UNITED STATES
SECURITIES AND EXCHANGE COMMISSION
WASHINGTON, DC 20549
FORM 8-K
CURRENT REPORT
Pursuant to Section 13 or 15(d)
of The Securities Exchange Act of 1934
Date of Report (Date of earliest event reported): June 6, 2013
MICROVISION, INC.
(Exact name of registrant as specified in its charter)
DELAWARE | 001-34170 | 91-1600822 | ||
(State or other jurisdiction of incorporation) | (Commission File Number) | (IRS Employer Identification No.) |
6222 185th Avenue NE
Redmond, Washington 98052
(Address of principal executive offices) (Zip Code)
(425) 936-6847
Registrant’s telephone number, including area code
N/A
(Former name or former address, if changed since last report)
Check the appropriate box below if the Form 8-K filing is intended to simultaneously satisfy the filing obligation of the registrant under any of the following provisions:
¨ | Written communications pursuant to Rule 425 under the Securities Act (17 CFR 230.425) |
¨ | Soliciting material pursuant to Rule 14a-12 under the Exchange Act (17 CFR 240.14a-12) |
¨ | Pre-commencement communications pursuant to Rule 14d-2(b) under the Exchange Act (17 CFR 240.14d-2(b)) |
¨ | Pre-commencement communications pursuant to Rule 13e-4(c) under the Exchange Act (17 CFR 240.13e-4(c)) |
Item 5.02. Departure of Directors or Certain Officers; Election of Directors; Appointment of Certain Officers; Compensatory Arrangements of Certain Officers.

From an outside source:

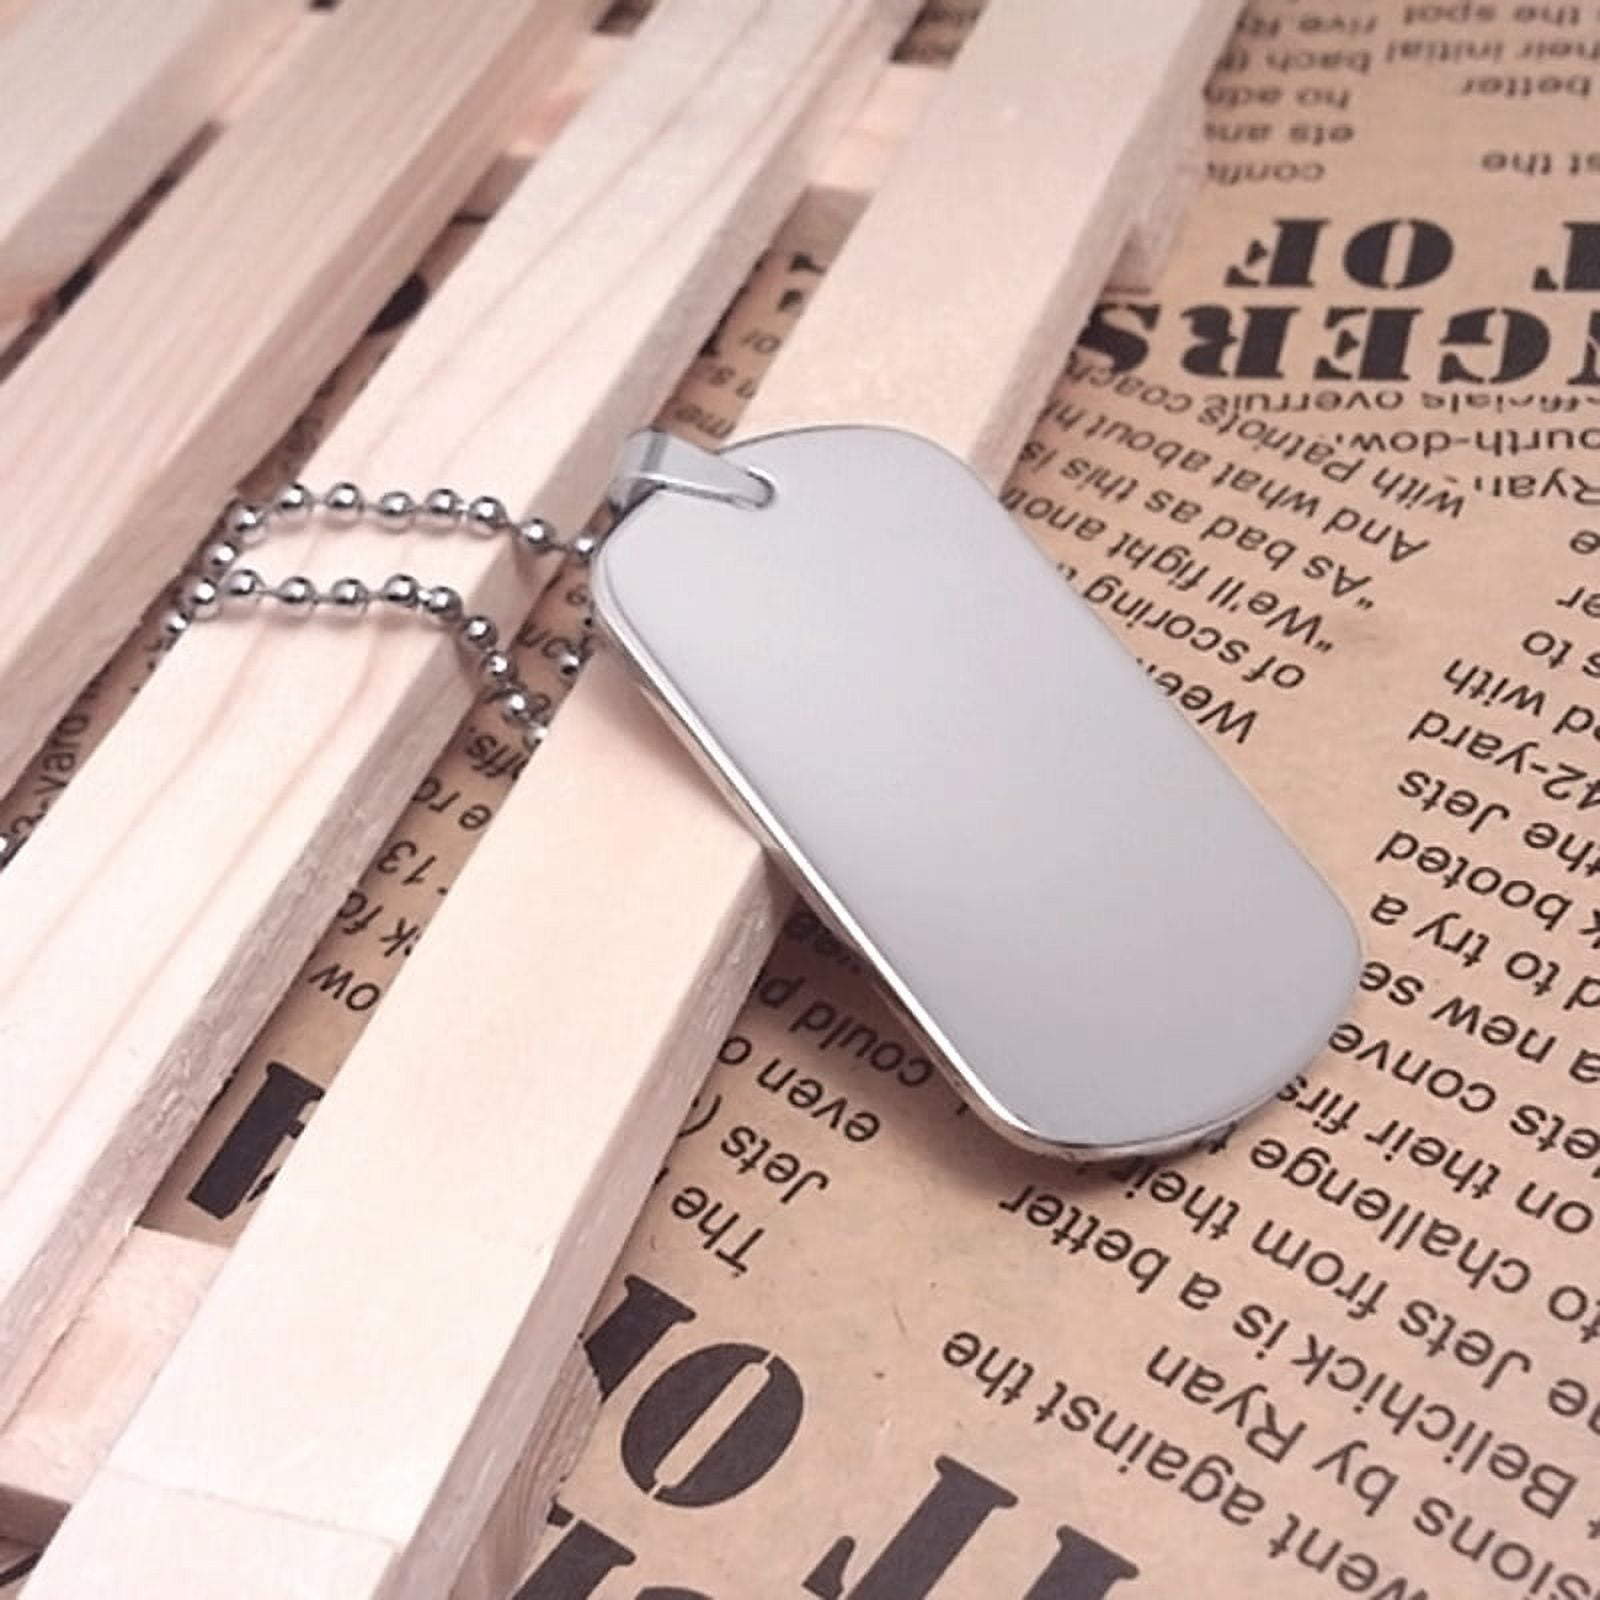 Men's Large Army Dog Tag Pendant Necklace Gold Steel Shot Bead

Effective as of June 6, 2013, Stephen Holt, the principal financial officer of MicroVision, Inc. (the “Company”), has also been designated as the Company’s principal accounting officer. James Johnston, who had been acting as the Company’s principal accounting officer, will continue as the Company’s Controller. Information regarding Mr. Holt was previously disclosed on the Company’s Current Report on Form 8-K filed on April 23, 2013 and is incorporated by reference.
Item 5.07. Submission of Matters to a Vote of Security Holders.
The annual meeting of stockholders of the Company was held on June 6, 2013, pursuant to notice duly given. The stockholders voted on three proposals, which are described in detail in the Company’s definitive proxy statement dated April 22, 2013.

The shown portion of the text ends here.